Although Otto Koenigsberger (1908-1999) began working in India eight years before the country won independence, he was not part of the British Raj’s colonial enterprise. As Government Architect of the semi-autonomous Princely Mysore State and later as Federal Director of Housing, as well as through his private architecture and planning practice, Koenigsberger worked on building the independent Indian nation from within. In this paper, the author will argue that the high profile private commissions for Tata & Sons—a privately owned and hugely influential industrial corporation committed to nationalism and philanthropy—both forwarded Koenigsberger’s career and directly contributed to building the infrastructure of independent India.

As the basis for their sustained and successful collaboration, the author will demonstrate that Koenigsberger’s notion of a locally rooted, research-based “scientific architecture,” overlapped with the Tata Group’s philosophy of advancing India through science and technology.

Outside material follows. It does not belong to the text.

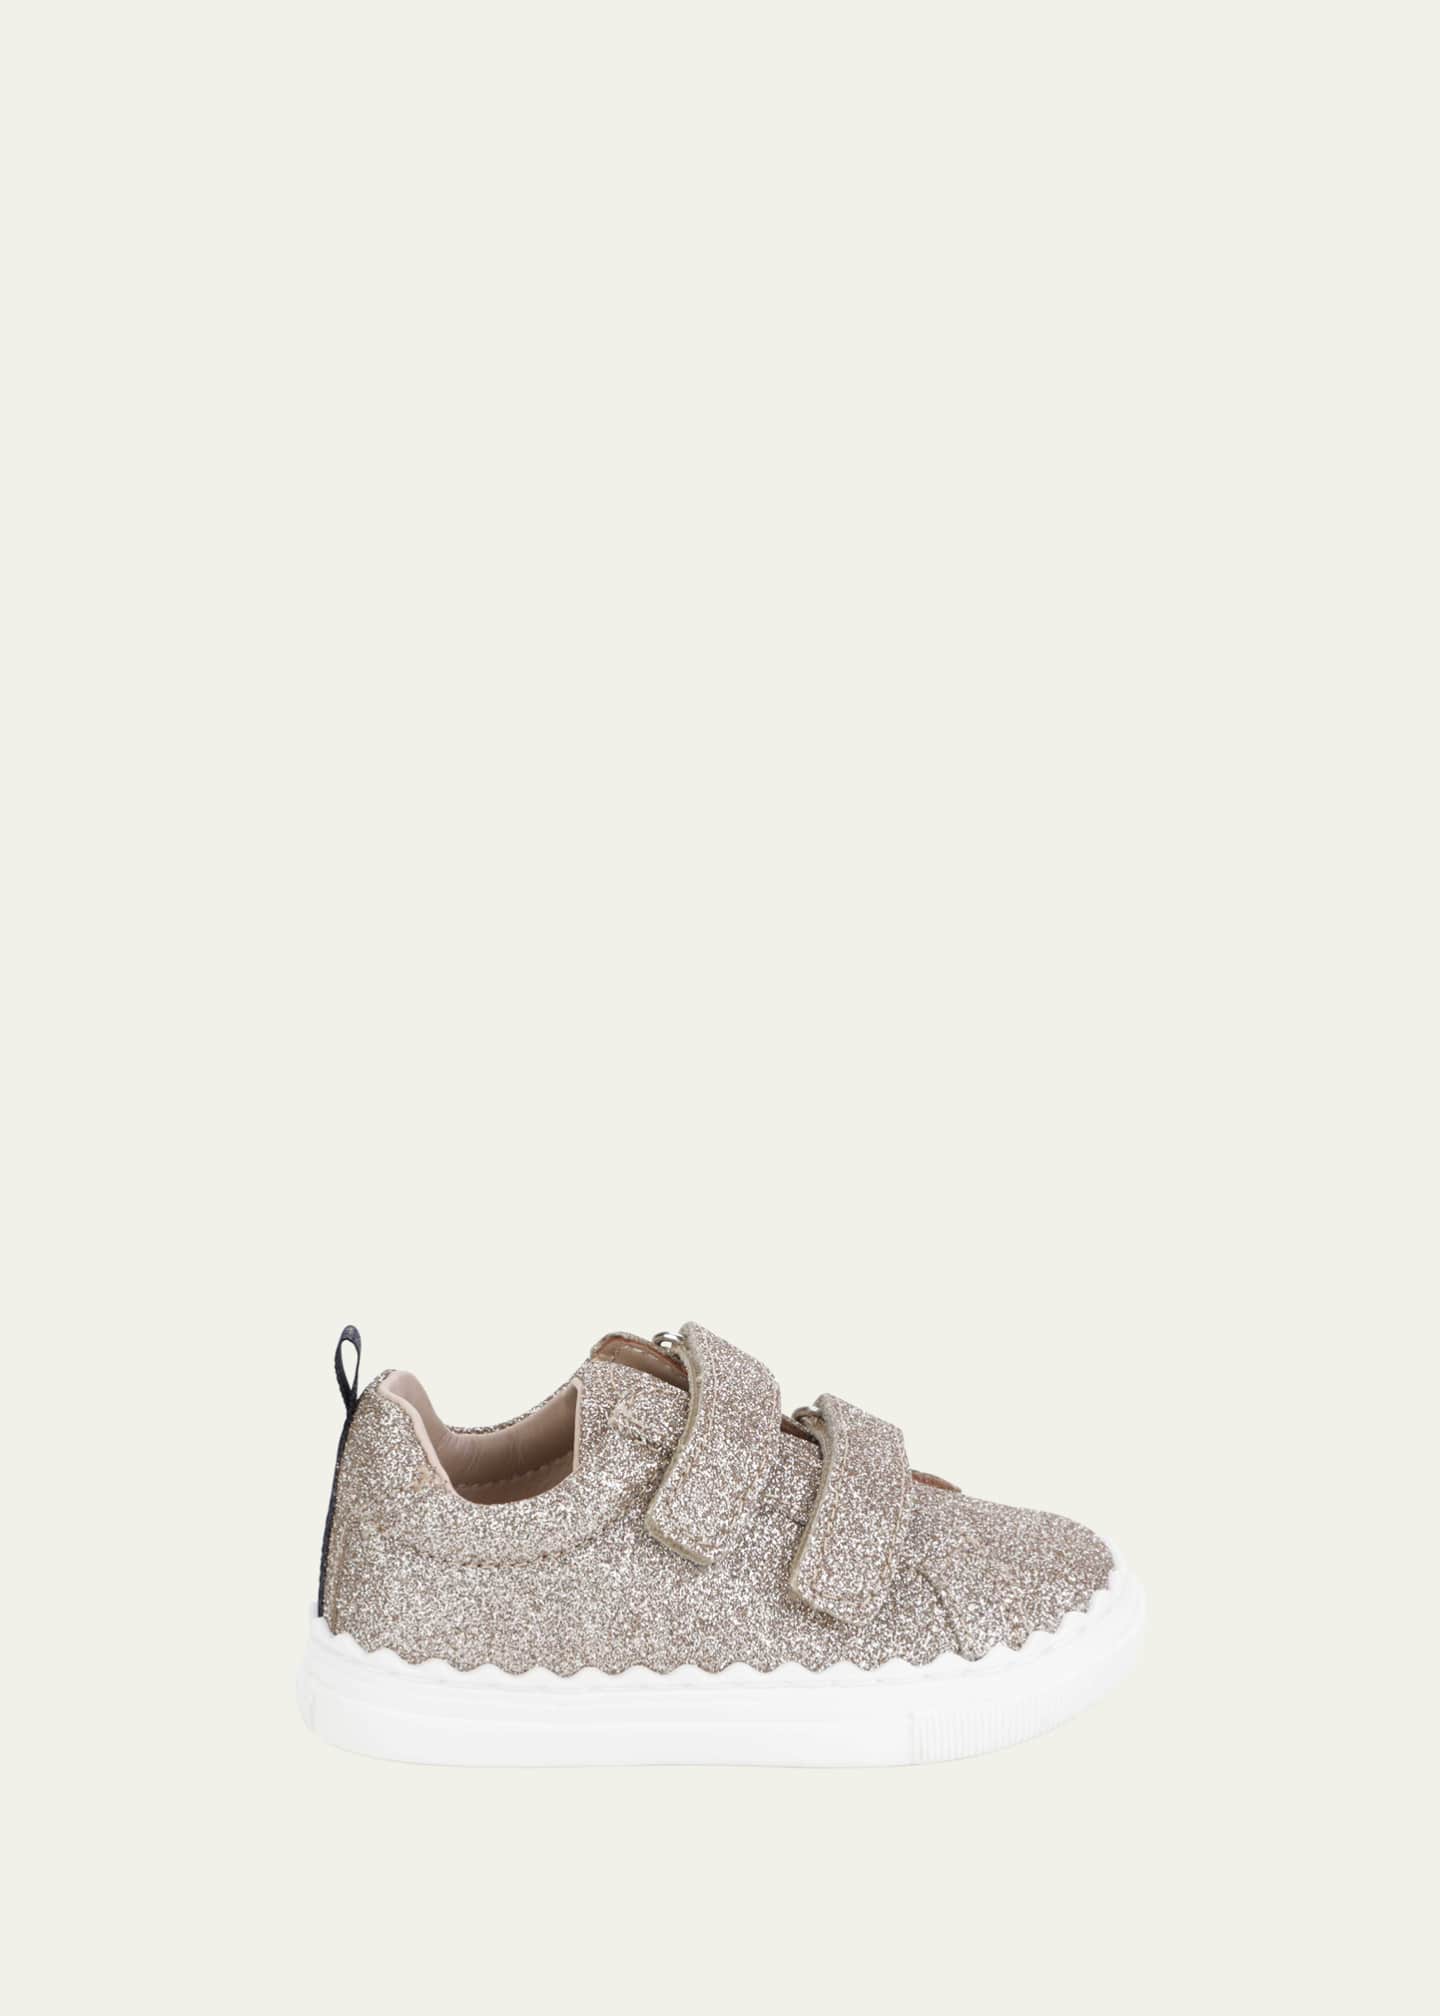 Chloe Girl's Grip Strap Glittery Calf Leather Sneakers, Baby

Moreover she will shed light on the networks of India’s cultural elite, illustrating that connections in the international realm of physics were responsible for the initial contact between the refugee architect and the industrial concern. While showing that his work with the Tatas enabled Koenigsberger to realise his architectural and planning goals more fully than his work as a government architect, the author proposes that the vision shared by Koenigsberger and the Tatas, and the projects they undertook, played a role in the dissolution of the British empire in India.